2.9. Statistical Analysis

Statistical analysis was performed using Graph Prism 5 software (GraphPad Software Inc., San Diego, CA, USA). Values were expressed as means ± standard error of the mean (SEM), and statistical significance was accepted for p values < 0.05. Data were analyzed using one-way analysis of variance (ANOVA) with Tukey’s post hoc test and two-way ANOVA with Bonferroni post hoc test.

3. Results

3.1. Extract of Chrysanthemum morifolium and Its Bioactive Substance Enhances Sleep Duration in Pentobarbital-Induced Sleep in Mice

Pentobarbital induced sleep in a dose-dependent manner. When only pentobarbital was given, sleep duration was about 17 min at 28 mg/kg pentobarbital dose and about 52 min at 42 mg/kg pentobarbital dose.
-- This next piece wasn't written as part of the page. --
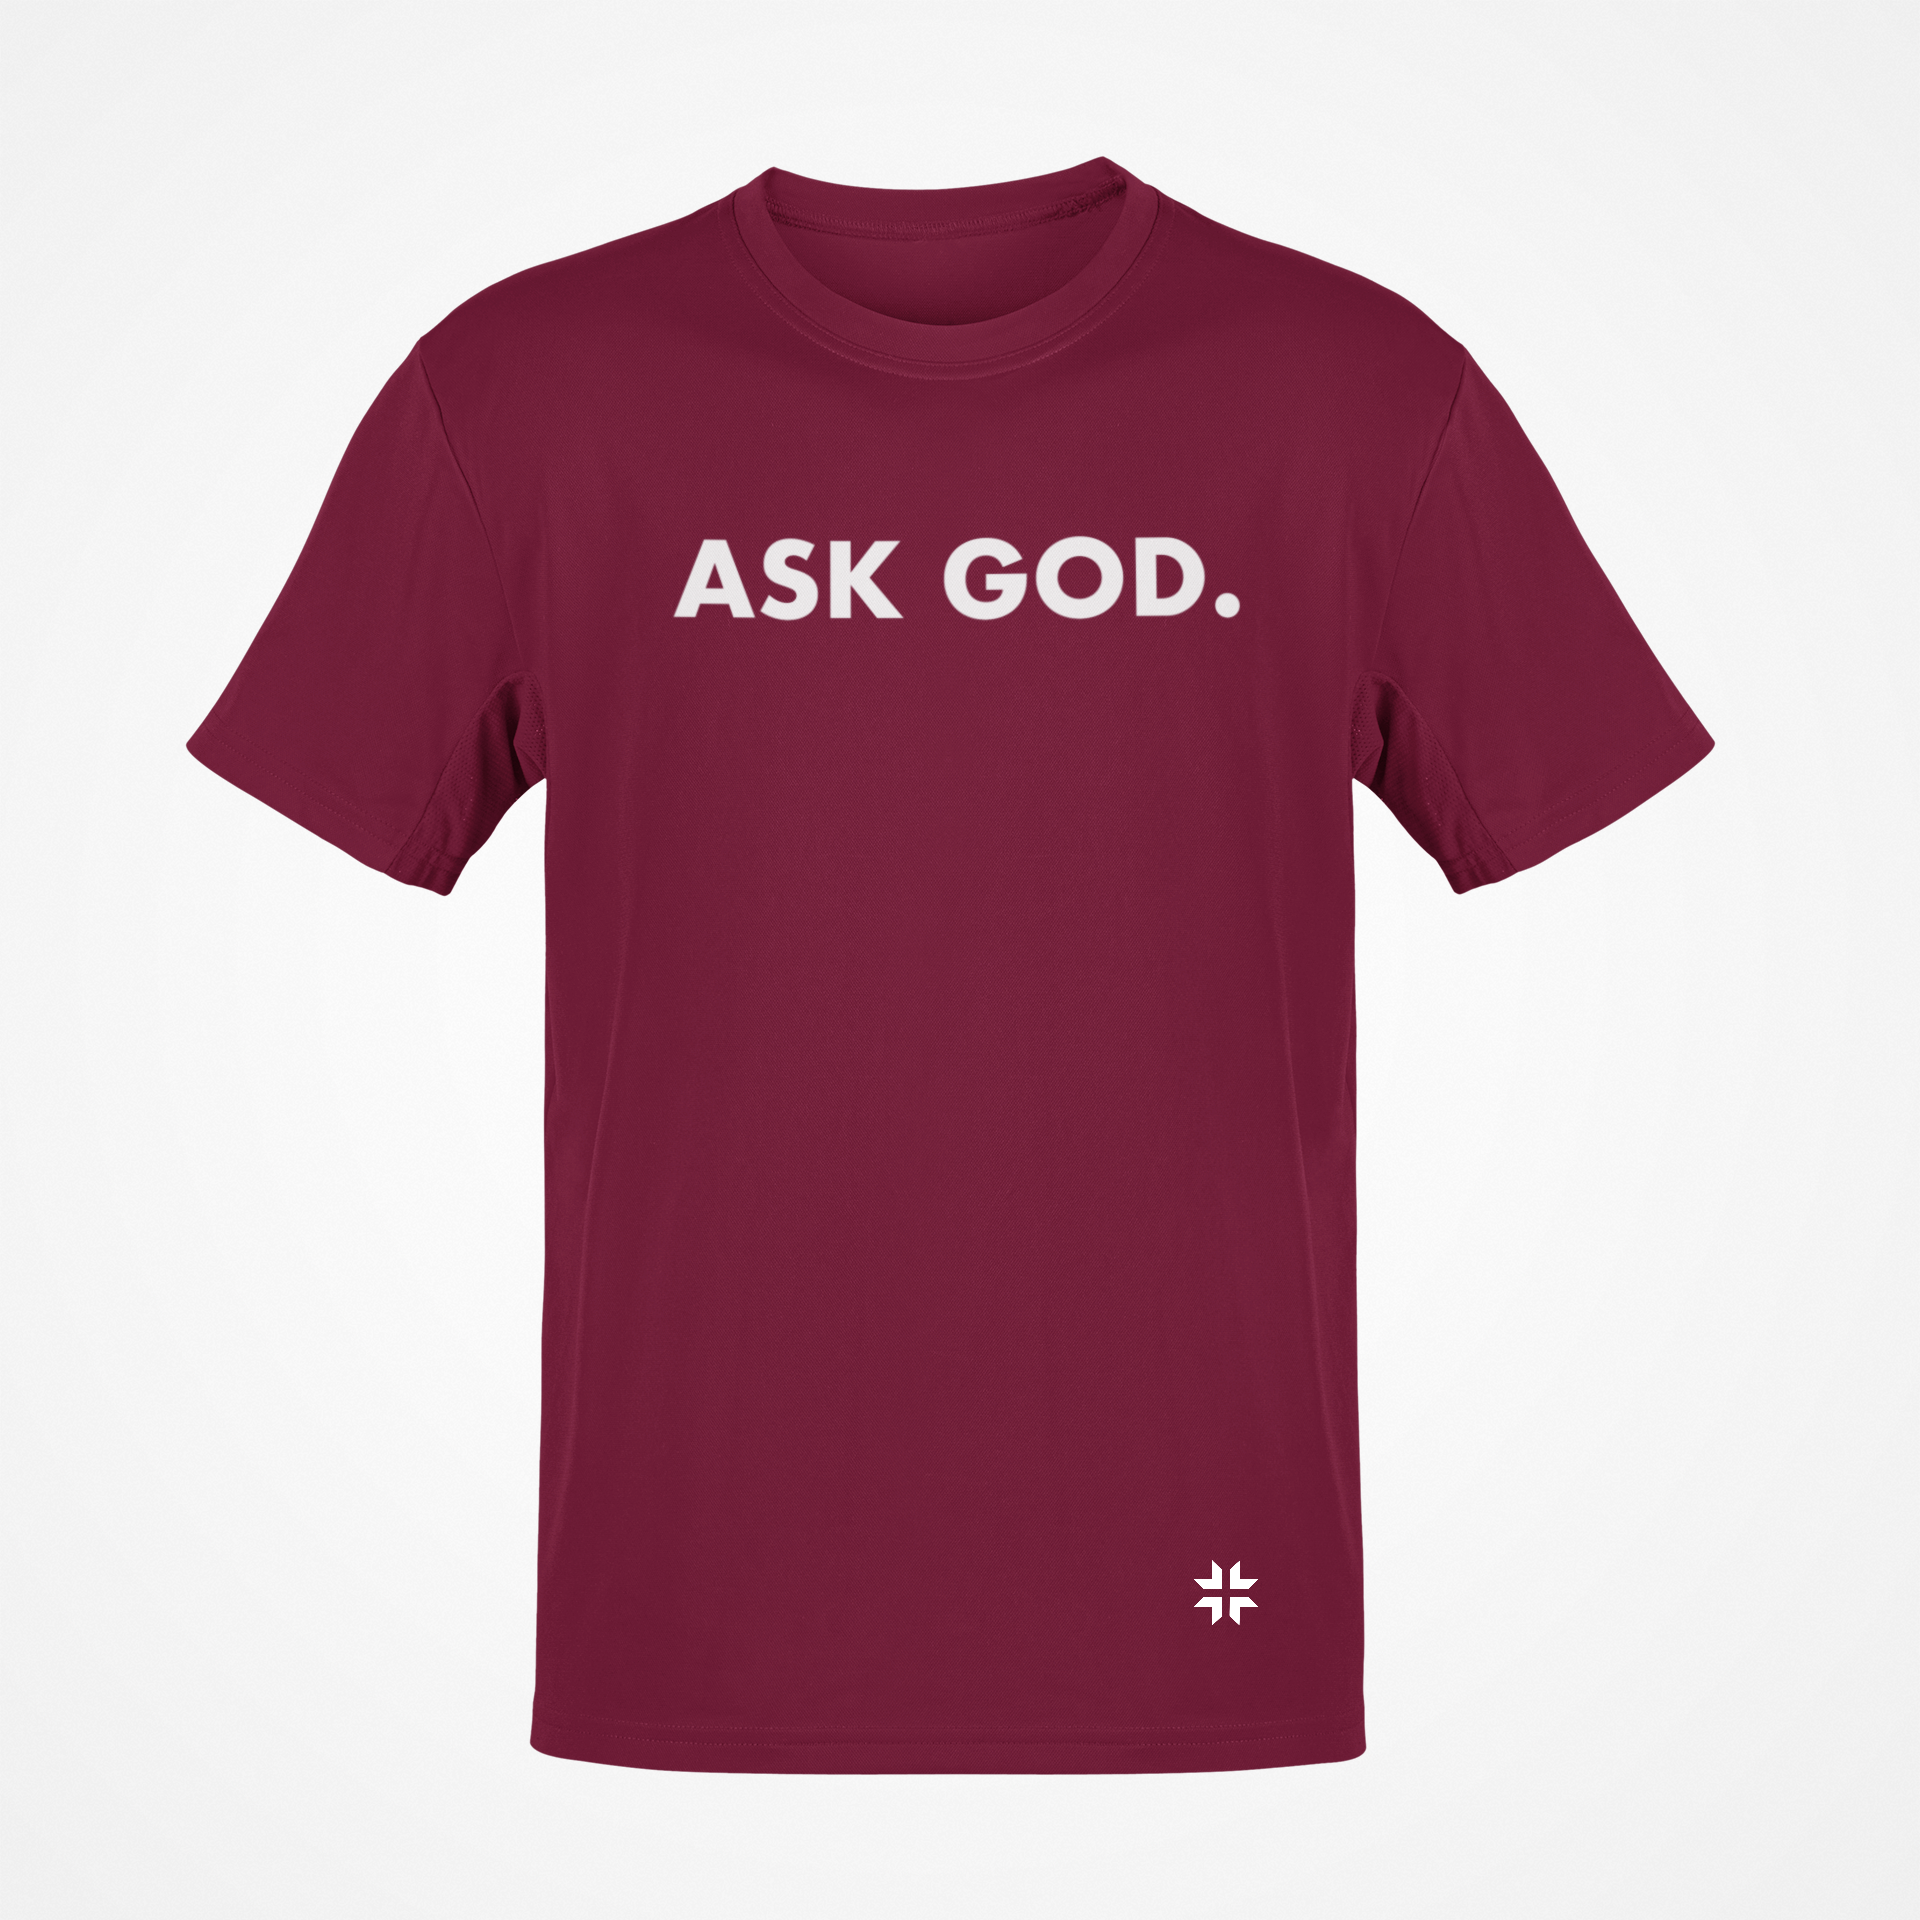 ASK GOD

In sleep experiments using the subhypnotic concentration of 28 mg/kg pentobarbital, mice pretreated with Chrysanthemum morifolium extract (Chry ext) showed no significant change in onset time in all groups but had prolonged sleep duration by up to 41 min when compared to the pentobarbital-only group (Figure 2a). Similar results were observed in mice that received the hypnotic concentration of 42 mg/kg pentobarbital and pretreated with Chry ext. Pretreatment with Chry ext increased sleep duration dose-dependently in mice given 42 mg/kg pentobarbital (Figure 2b). With both pentobarbital doses, Chry ext administration increased sleep duration without significant change in sleep onset time.
Linarin is one of the bioactive substances of Chry. In sleep experiments using 28 mg/kg and 42 mg/kg pentobarbital, linarin also increased sleep duration in mice (Figure 2c,d), consistent with the previous sleep experiments using Chry ext pretreatment (Figure 2a,b). Sleep onset was also shortened by linarin in both doses of pentobarbital without statistical significance.
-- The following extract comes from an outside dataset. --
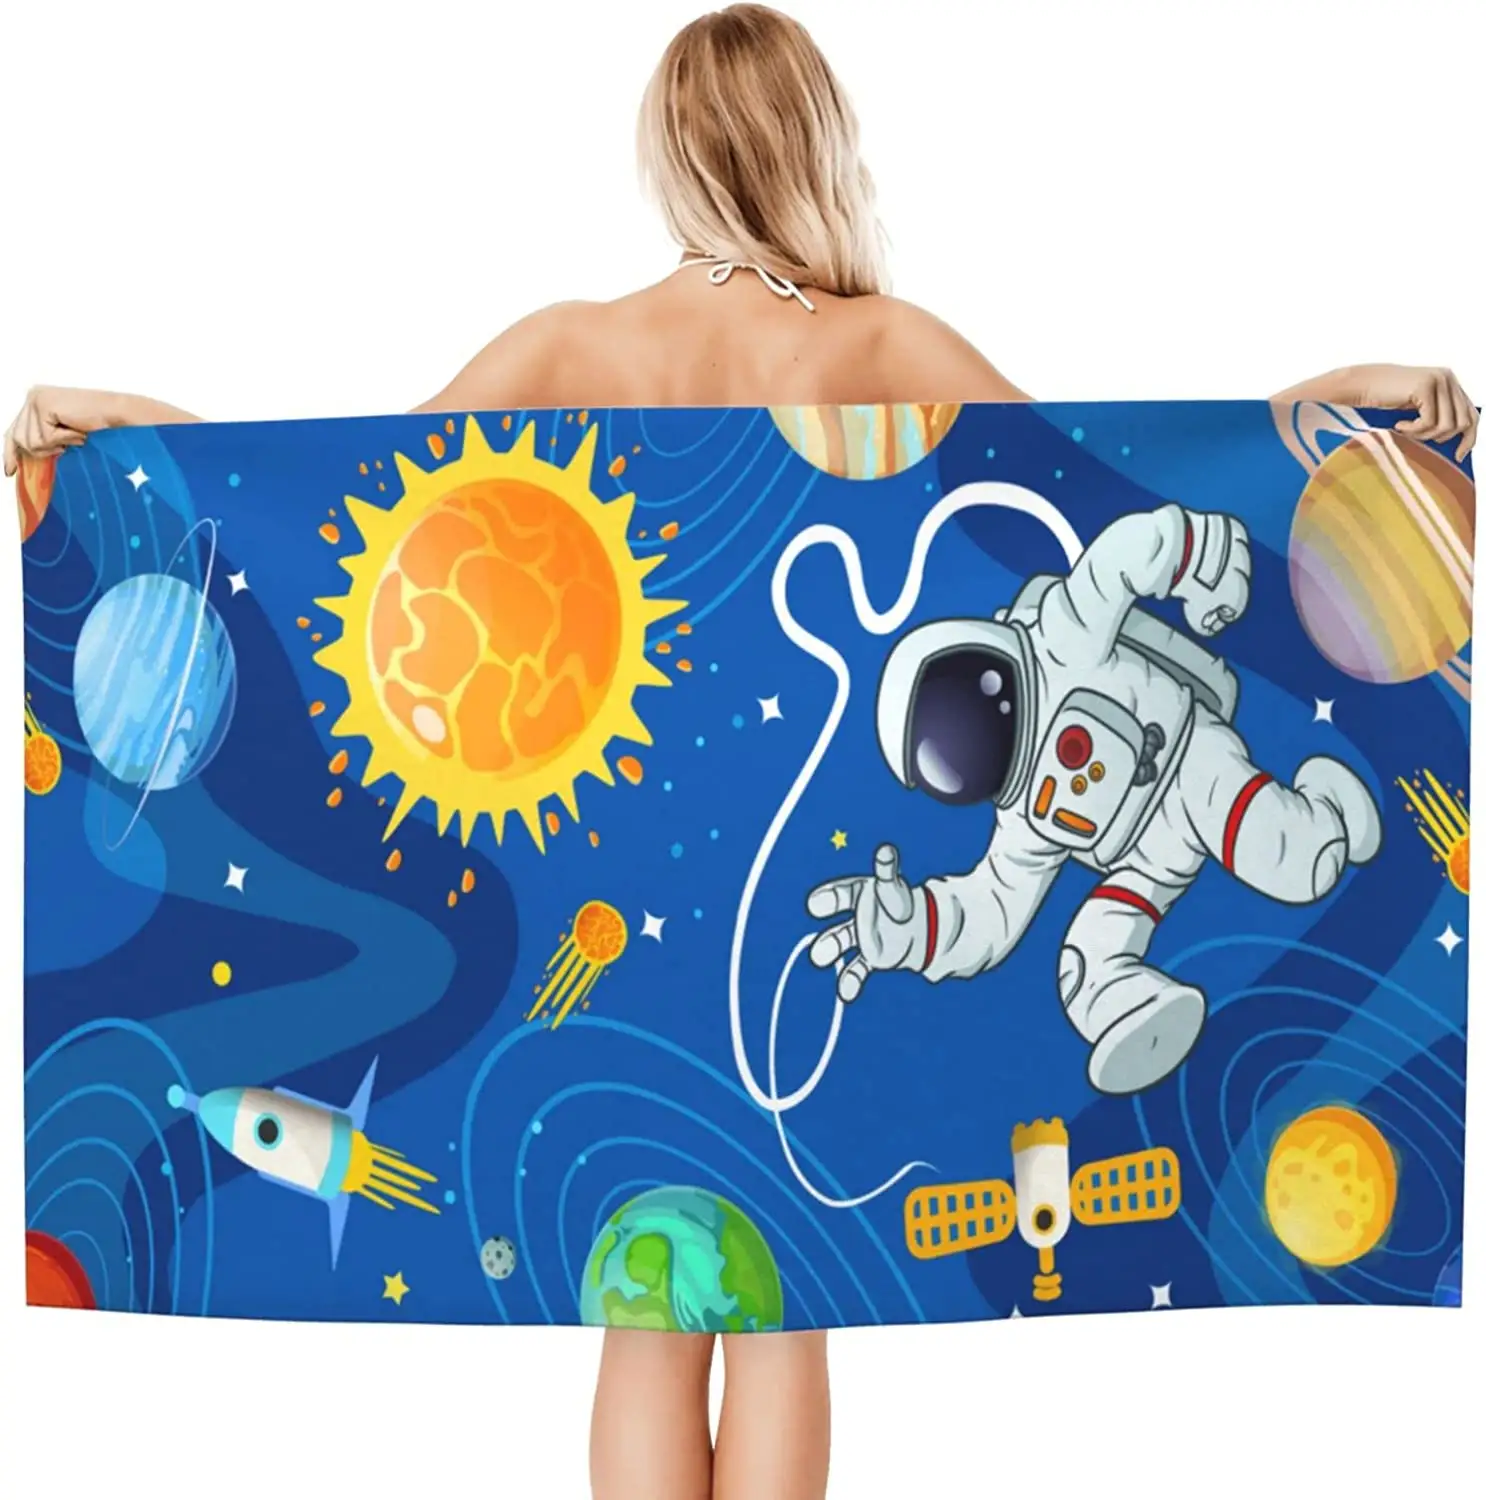 Пляжное полотенце из микрофибры для мужчин и женщин, банное полотенце с рисунком астронавта, планеты, галактики, звездного неба, Луны, солнца, ракеты

3.2. Extract of Chrysanthemum morifolium Improves Sleep Quality in Rats

EEG/EMG recordings obtained from electrode-implanted rats were used for sleep analysis. A representative overall flow of EEG/EMG recordings for 6 h (10:00–16:00) is shown in Figure 3a,b through AccuSleep’s interface using MATLAB. Chry ext (100, and 200 mg/kg) administration groups had decreased awake time and increased sleep duration in the recorded 6 h when compared to the control group (Figure 3c,d). The sleep time was subdivided into rapid eye movement sleep (REMS) and non-REMS (NREMS) through EEG analysis. There was no significant effect on the temporal distribution of REMS (Figure 3e), but the time of NREMS was highly increased (Figure 3f). High-dose treatment of Chry ext (200 mg/kg) also significantly decreased sleep–wake cycles (Figure 3g).
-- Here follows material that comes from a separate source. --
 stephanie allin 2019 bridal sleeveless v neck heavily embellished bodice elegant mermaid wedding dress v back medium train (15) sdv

3.3. Extract of Chrysanthemum morifolium Improves Sleep Quality in Power Spectrogram Analysis

Figure 4a,b show representative time-dependent power spectrum heatmaps for each group in wake, REMS, and NREMS states. Figure 4c–e show the calculated average of the power densities corresponding to the delta (δ; 0.5–4 Hz), theta (θ; 4–8 Hz), and alpha (α; 8–13 Hz) wavelength bands as a percentage of these three wavelengths. The percentage of delta power density was significantly enhanced by treatment with Chry ext (100 and 200 mg/kg) during NREM and REM sleep. The theta frequency band showed a negligible difference between NREMS and wake, whereas in REMS, it showed a slight weakening trend when treated with a high concentration of Chry ext. There was no change in all three wavelengths during wake time.

3.4. Extract of Chrysanthemum morifolium Modulates Expression of Subtypes of GABAA Receptors in the Rat Brain

GABAA receptor subtypes in neural tissue are reported to be targets for the treatment of insomnia [31,32]. After the EEG recording, the rats were sacrificed, and the brain was extracted immediately. We isolated the frontal cortex, hippocampus, and hypothalamus from the brain and investigated whether protein expression of GABAA receptor subunits α1, β2, and γ2 was regulated in each region. In the frontal cortex, treatment with 200 mg/kg of Chry ext increased α1 protein expression (Figure 5a), and in the hippocampus, both 100 and 200 mg/kg of Chry ext increased the protein expression of α1 and β2 (Figure 5b). It also increased glutamic acid decarboxylase (GAD)65/67 protein expression levels. The hypothalamus showed no change in the different GABAA receptor subtypes protein expression levels (Figure 5c).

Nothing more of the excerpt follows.